9                    DAS OUTRAS MANIFESTAÇÕES

Nos dias 4 e 24 de abril de 2017, a peticionária solicitou que a presente revisão seja encerrada com a prorrogação por 5 (cinco) anos do direito antidumping.

Em 5 de junho de 2017, a peticionária apresentou manifestação, com relação à Nota Técnica nº 15/2017, em que foi feito um histórico da presente investigação, e ao final, roga pela ratificação das conclusões do Parecer de início da investigação.

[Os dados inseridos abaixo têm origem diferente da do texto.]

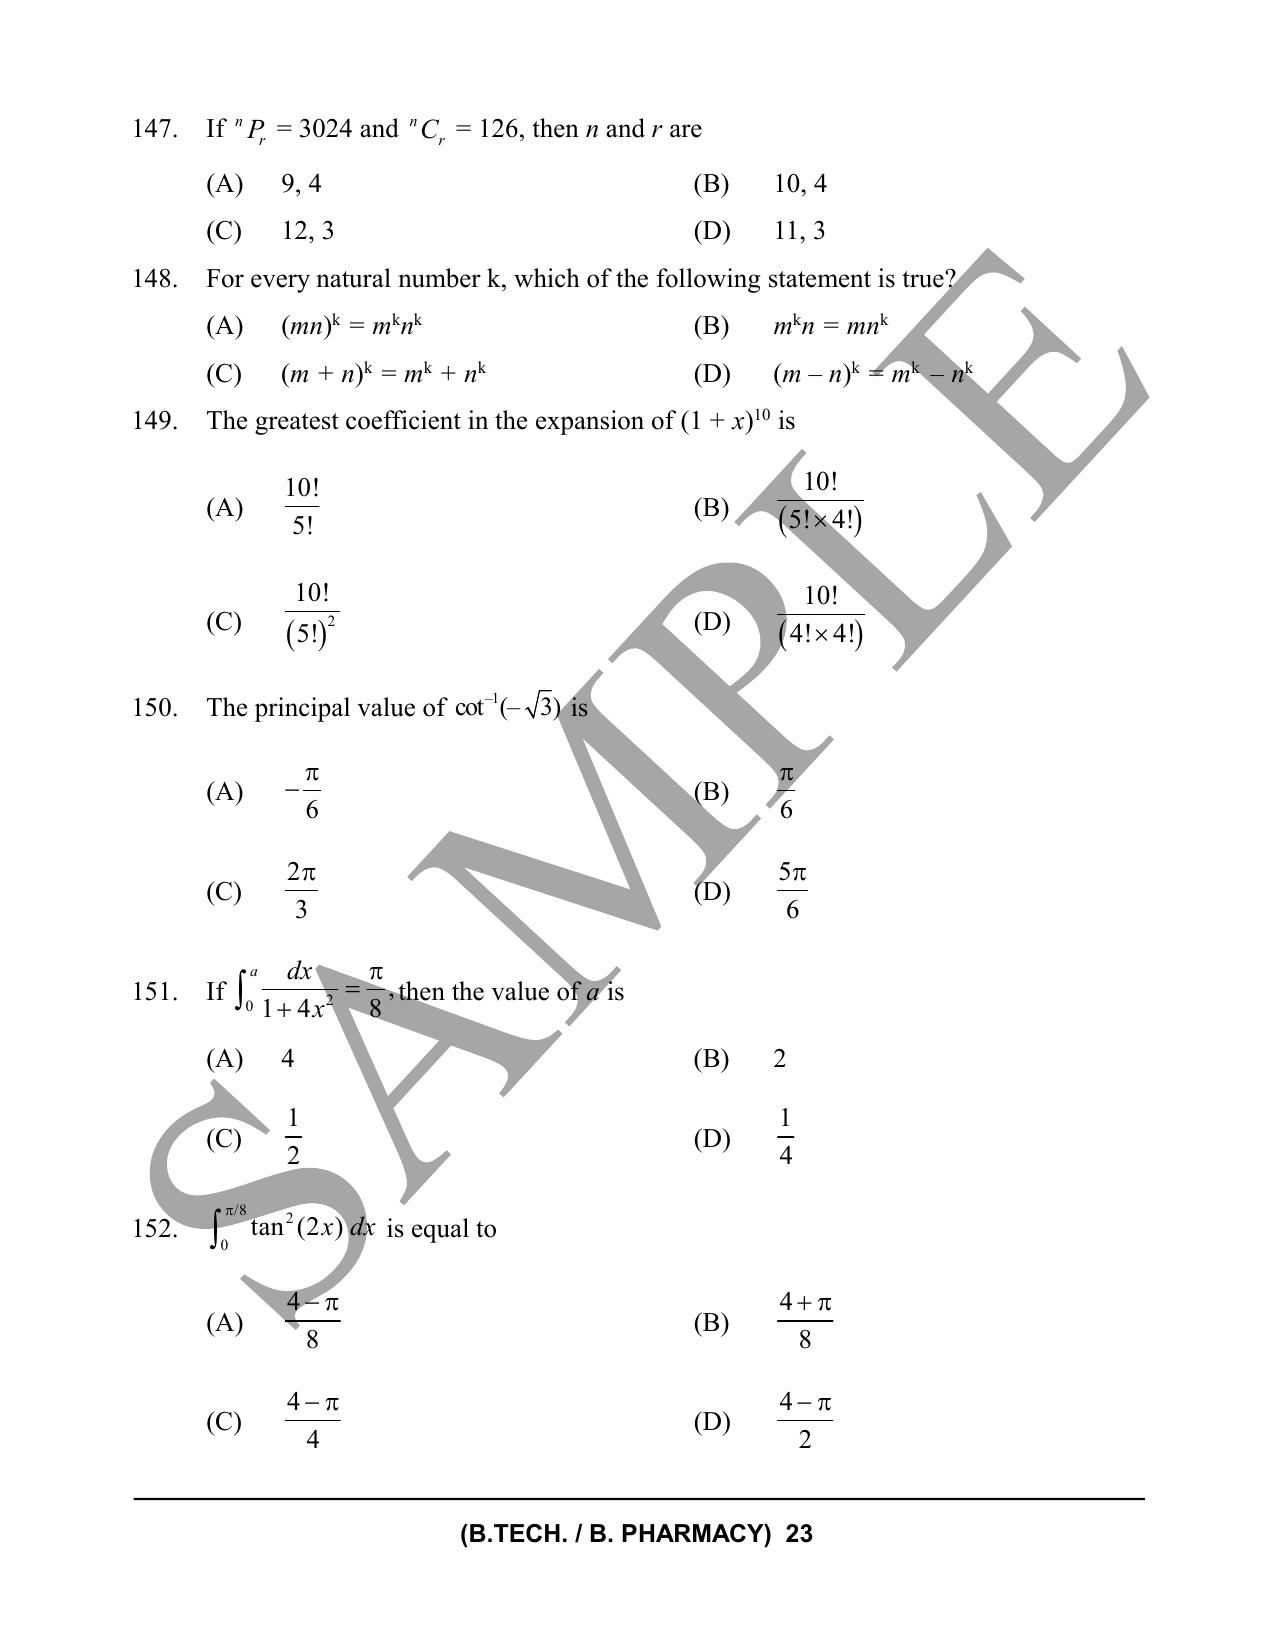 HPCET B. Tech. and B. Pharm. 2023 Sample Paper - Page 23
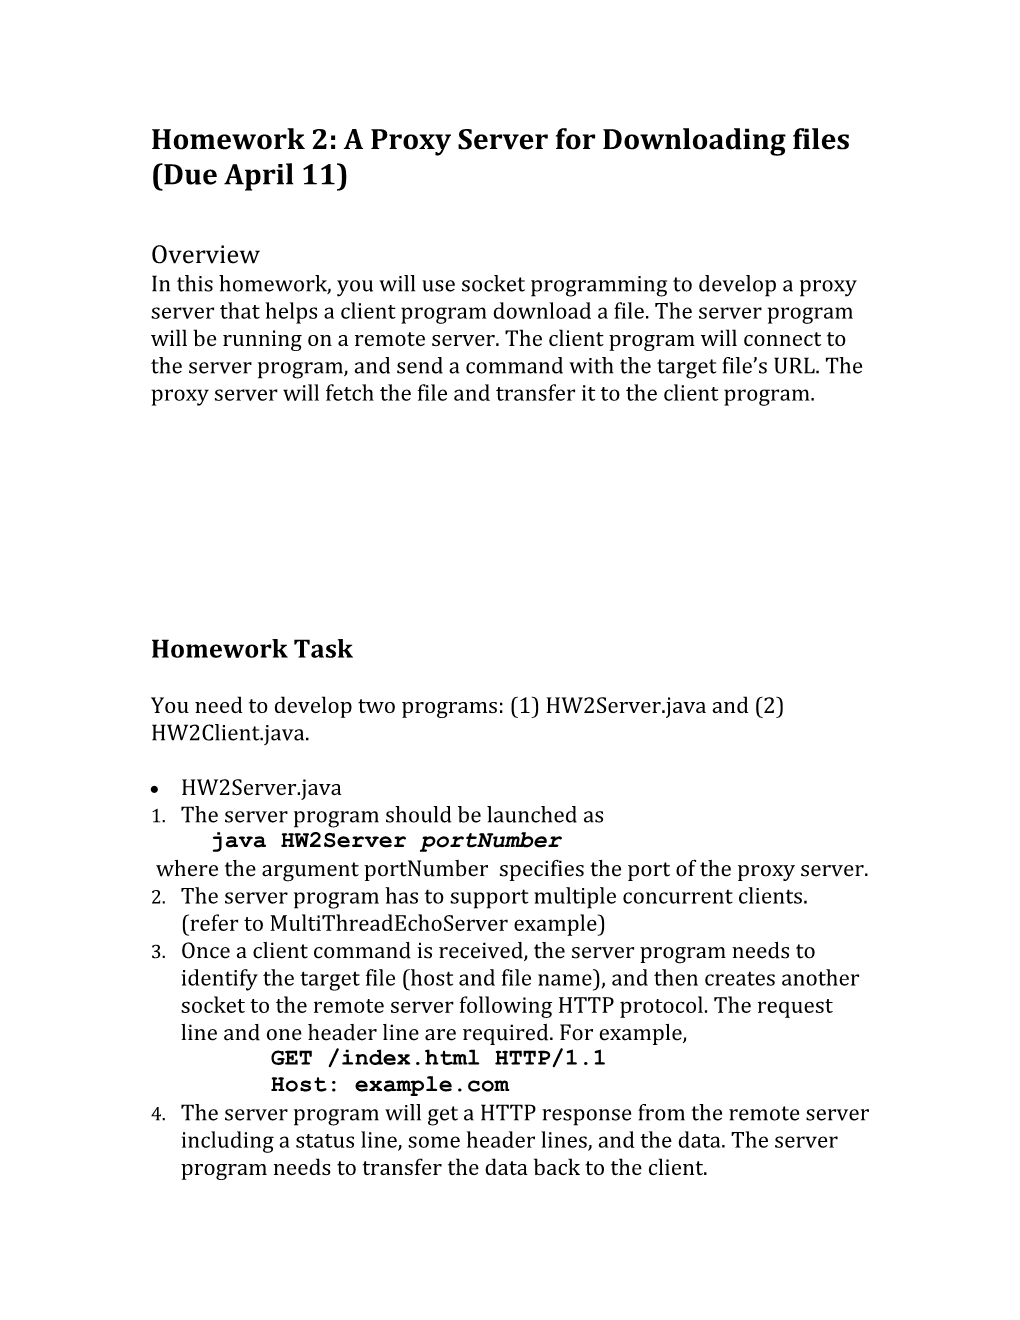 Homework 2: a Proxy Server for Downloading Files (Due April11)

Nessa mesma manifestação, a peticionária afirmou que vários países do mundo produzem tubos de aço sem costura, não havendo risco de problemas de abastecimento por limitação de oferta. No que concerne este tema, acrescentou que a indústria doméstica tem capacidade instalada efetiva suficiente para atender a toda a demanda do mercado brasileiro, se necessário. A capacidade nominal teria permanecido a mesma por todo o período investigado, tendo havido apenas um aumento de horas de parada devido à redução dos pedidos. Segundo a peticionária, se a capacidade instalada efetiva nos últimos dois meses de P5 fosse equivalente à média dos dez primeiros meses do período, tal capacidade seria equivalente a [CONFIDENCIAL]toneladas/ano nesse período. Da mesma forma, se a capacidade instalada efetiva nos últimos dois meses de P4 fosse calculada considerando o número de dias de paradas médio de P1 a P4 em novembro e em dezembro de 2015, tal capacidade seria equivalente a [CONFIDENCIAL]toneladas/ano neste período.

9.1       Dos comentários acerca das outras manifestações

Os posicionamentos exarados neste Anexo levaram em conta os comentários da peticionária e as conclusões sobre a capacidade instalada constam do item 7.3 deste Anexo.

10                DO CÁLCULO DO DIREITO ANTIDUMPING DEFINITIVO

Conforme dispõe o art. 106 do Decreto nº 8.058, de 2013, o prazo de aplicação de um direito antidumping poderá ser prorrogado, desde que demonstrado que a extinção desse direito levaria, muito provavelmente, à continuação ou retomada do dumping e do dano decorrente de tal prática.

No caso em tela, ficou caracterizada a probabilidade de retomada de dumping nas exportações de tubos de aço sem costura da Romênia para o Brasil, durante o período de revisão de dumping, bem como a probabilidade de retomada de dano à indústria doméstica decorrente de tal prática.

Tendo em vista os reduzidos volumes de importações provenientes da origem sujeita ao direito antidumping e a sua reduzida participação no mercado brasileiro ao longo do período de revisão, considera-se que, no nível atual, o direito antidumping em vigor mostrou-se suficiente para neutralizar os efeitos danosos causados pelas exportações romenas a preços de dumping.

11                DA RECOMENDAÇÃO

Consoante a análise precedente, concluiu-se que a extinção do direito antidumping aplicado às importações brasileiras de tubos de aço carbono sem costura originárias da Romênia muito provavelmente levará à retomada do dumping e à retomada do dano à indústria doméstica dele decorrente.

 

Assim, nos termos do art. 106 c/c art. 107, § 4º do Regulamento Brasileiro, recomenda-se a prorrogação do direito antidumping em vigor aplicado às importações brasileiras de tubos de aço carbono, sem costura, de condução (line pipe), utilizados para oleodutos e gasodutos, com diâmetro de até cinco polegadas, originárias da Romênia, comumente classificadas no item 7304.19.00 da Nomenclatura Comum do MERCOSUL - NCM, sob a forma de alíquota ad valorem de 14,3%.